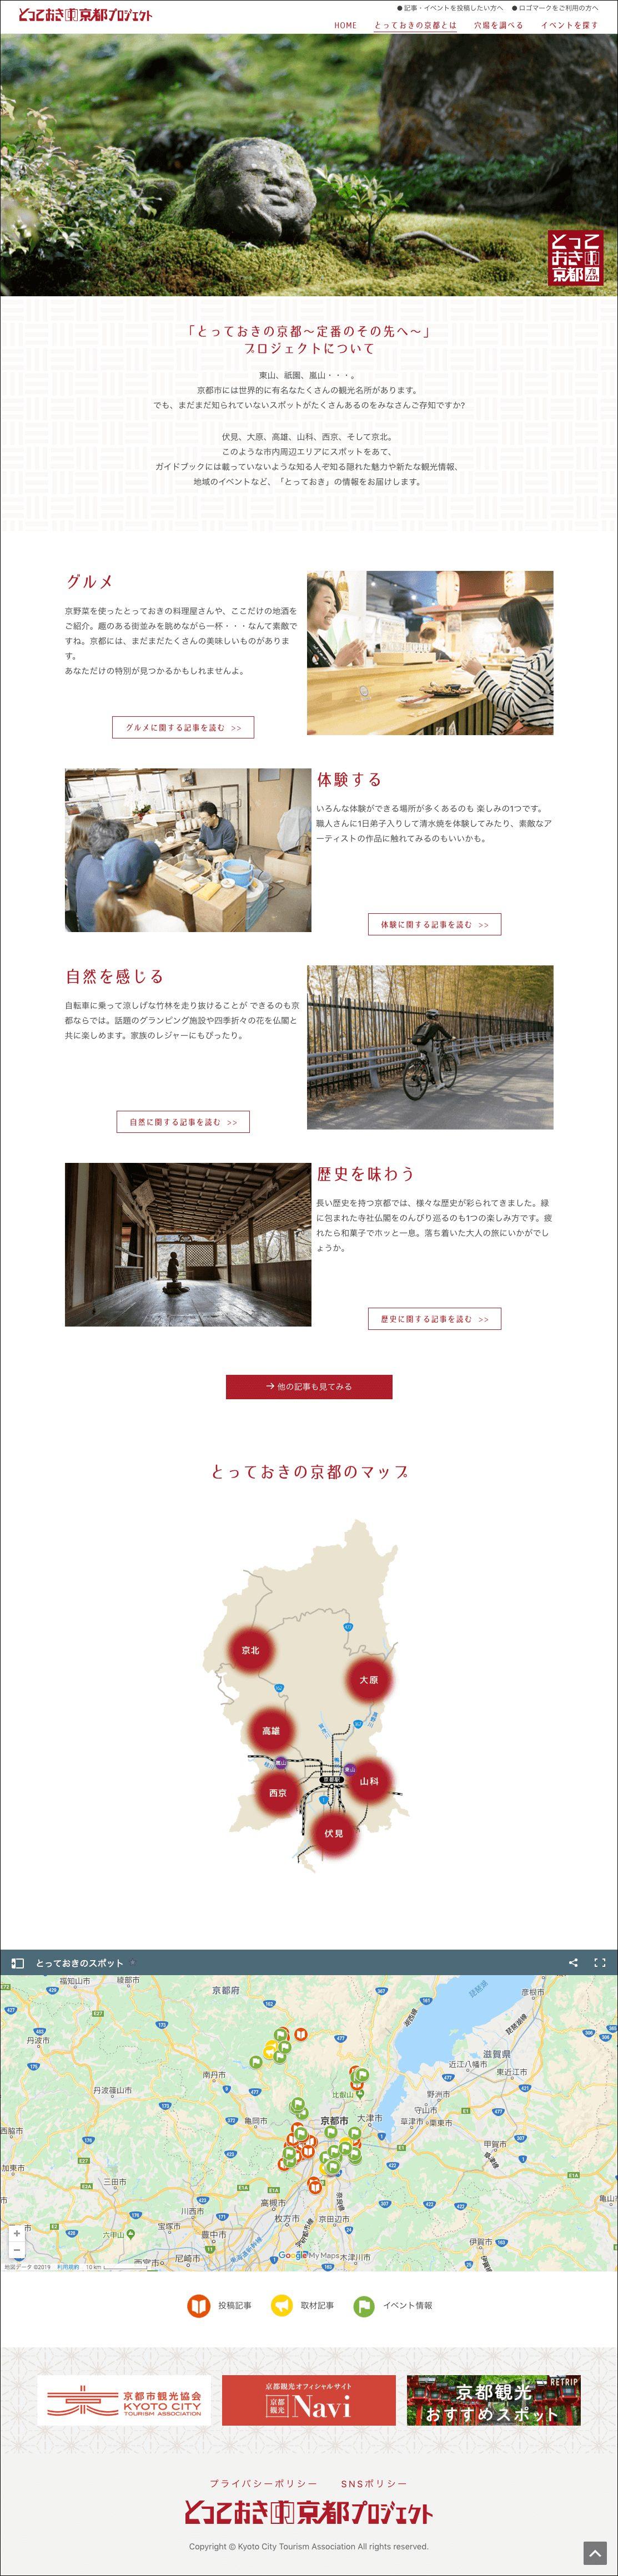 とっておきの京都プロジェクトについて
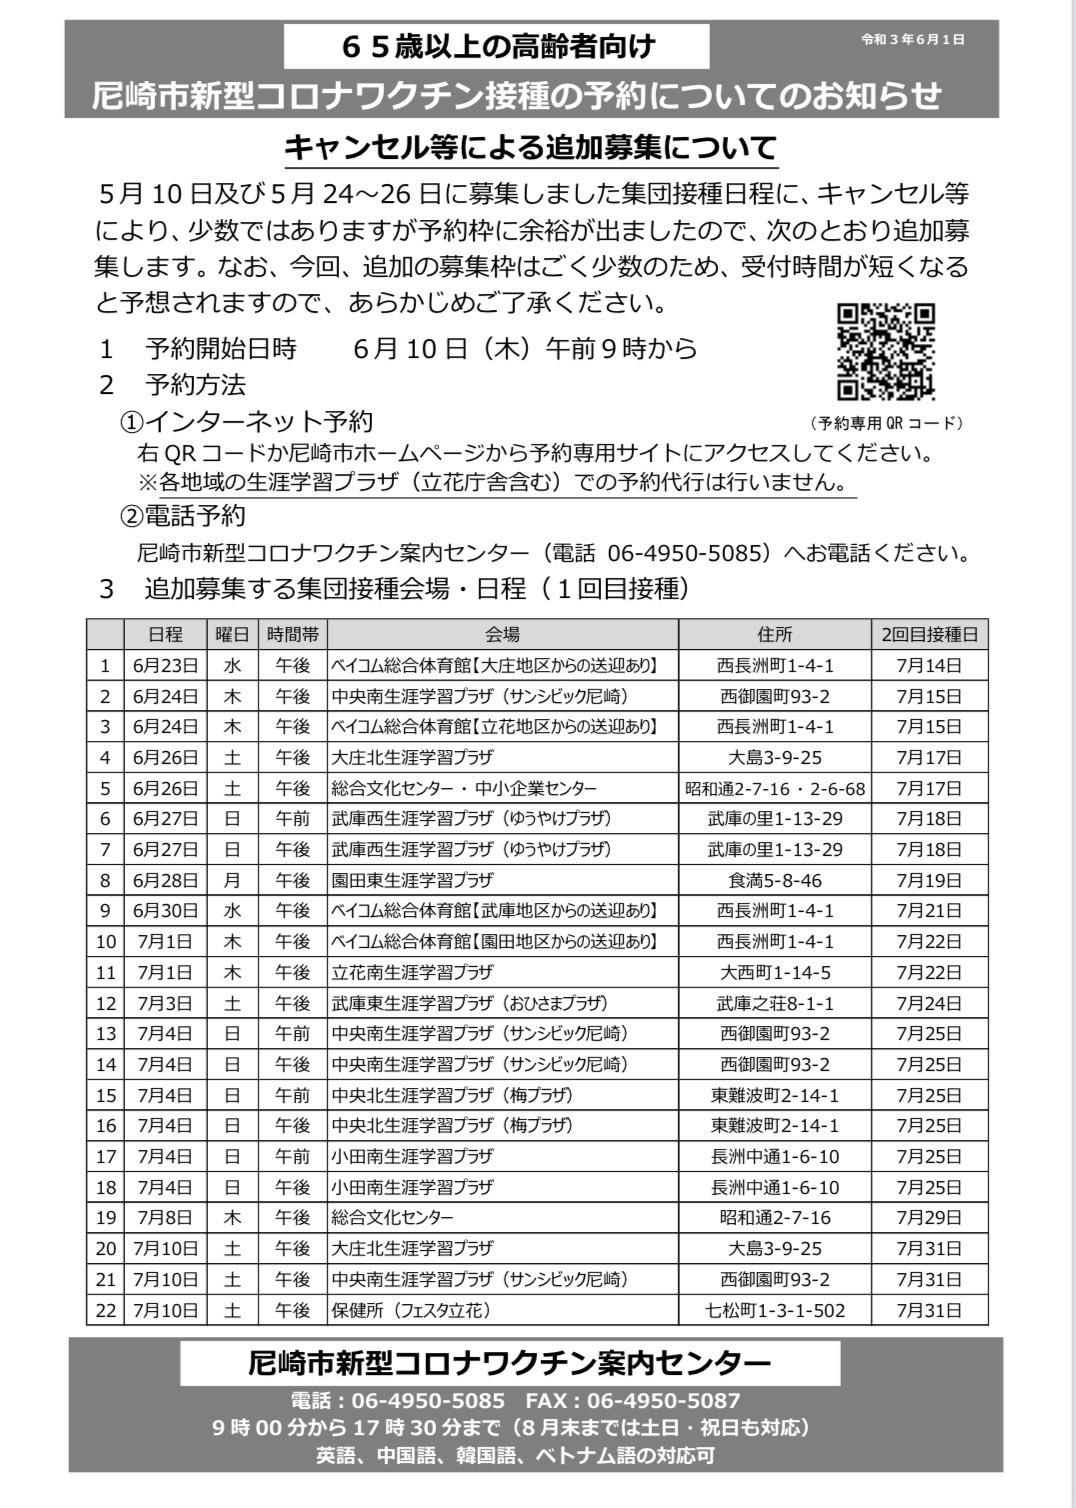 尼崎市の集団接種追加予約
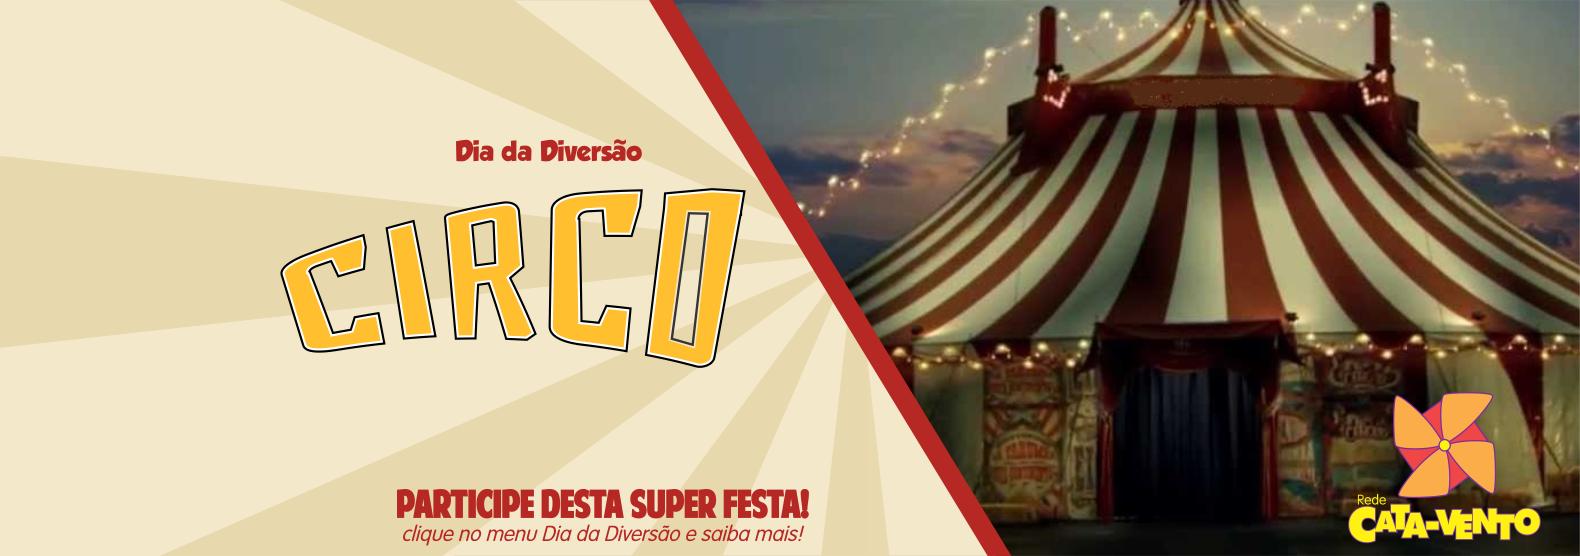 Banner Site - Circo

Required work: Only the pictures should be left out; the rest of the material above must be repeated exactly.

Response below:
 とっておきの京都プロジェクトについて
 尼崎市の集団接種追加予約
 Banner Site - Circo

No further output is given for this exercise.